Eskrel Starbridge seemed to be struggling with himself. He glared at her, face shifting through a variety of not-quite-readable expressions, then tore open his collar, plucked forth the little bag she’d spoken of, and produced the ring.

Storm took it stepped forward and kissed him full on the mouth, put an arm around him and waltzed her way around behind him as he was still blinking in astonishment, stepped back-and was gone.

Leaving the Cormyreans blinking at each other across a hollow full of unconscious men.

Narulph broke the silence with a sudden, angry oath. “You let her get away! Without even telling us how to get the horses!”

Starbridge shook his head slowly. “When she kissed me, his name and a word just appeared in my mind: ‘Denneth Rhardantan,’ and ‘glimmerdeep.’ ”
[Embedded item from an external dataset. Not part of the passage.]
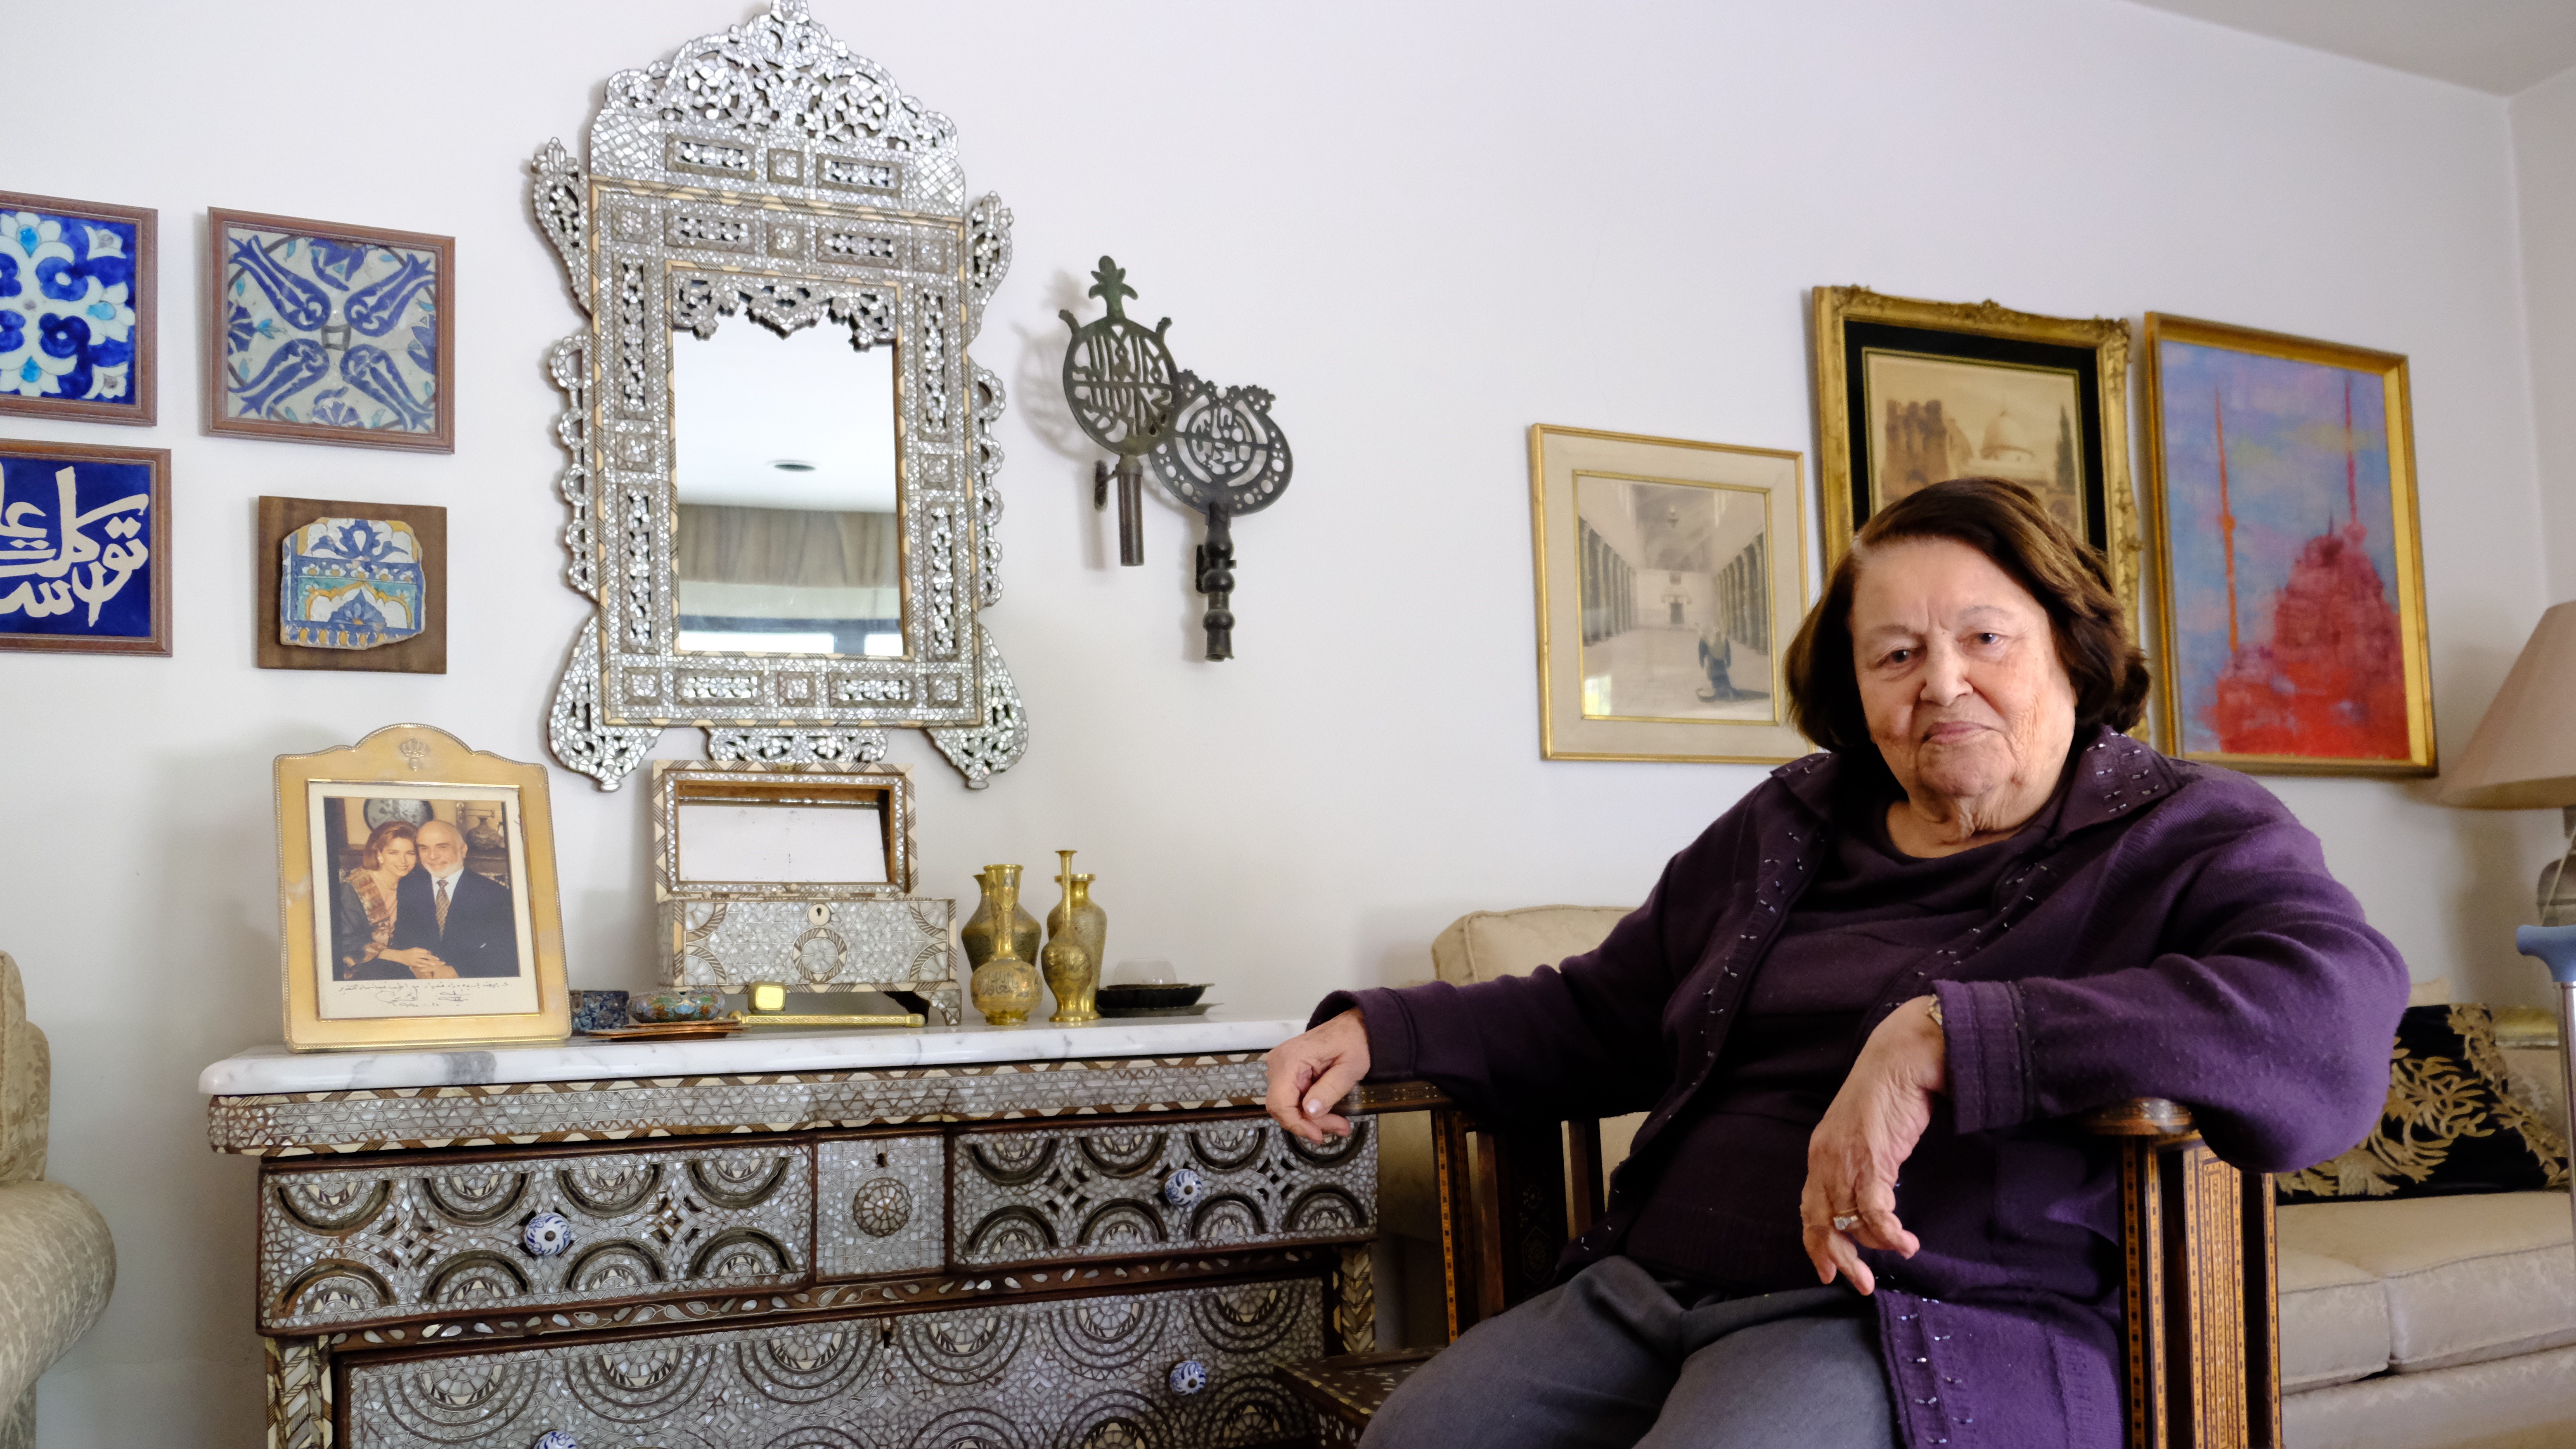 الفلسطينية وداد قعوار - كرست نفسها لنشر الوعي بقيمة الأزياء الفلسطينية والأردنية والسورية وأسست متحف "طِراز" في الأردن.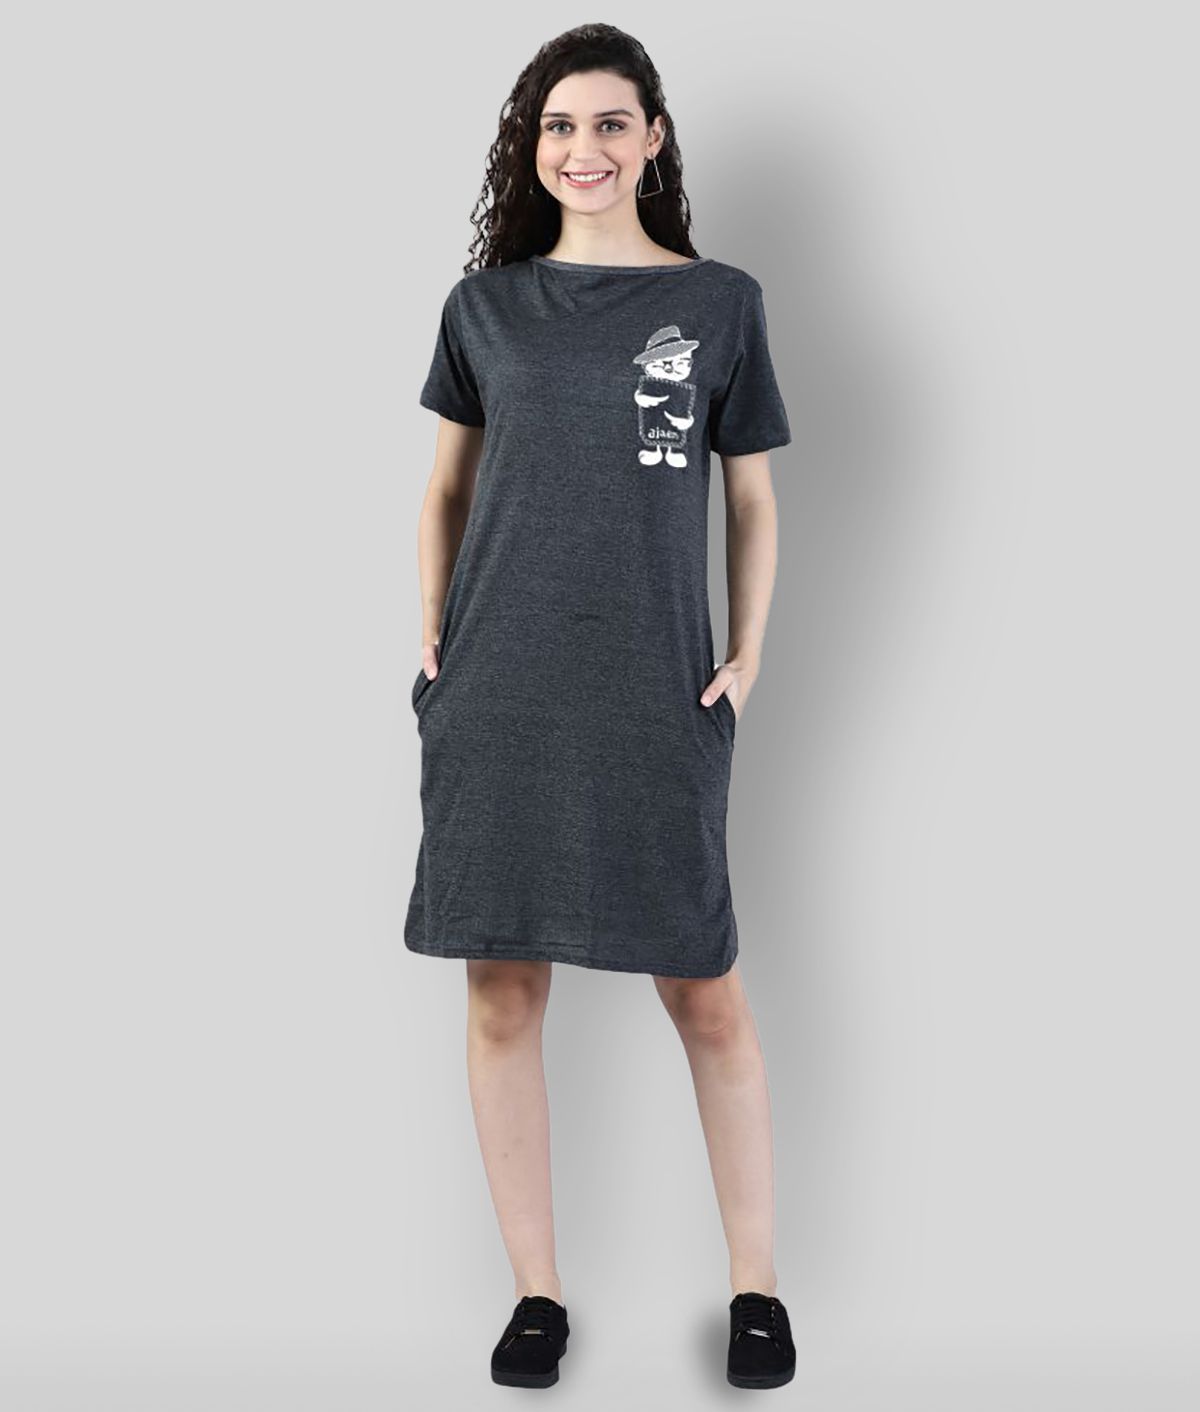 Broadstar - Grey Melange Cotton Blend Women's T-shirt Dress ( Pack of 1 )

He shook himself again, as if awakening, and snapped, “Get these dolts awake-they work for the Crown, so be gentle-and let’s be finding the trail to Mistledale. If this council goes as ill as I fear it will, I want to be back in Cormyr before it erupts into war!”

His command all stared at him; he gave them a glare, waved his arms, and roared, “Did you hear me? Move!”

They moved. All except the war wizards Mereld and Lemmeth.

“Sir Highknight,” Mereld asked quietly, “are you all right? What else did she do to you?”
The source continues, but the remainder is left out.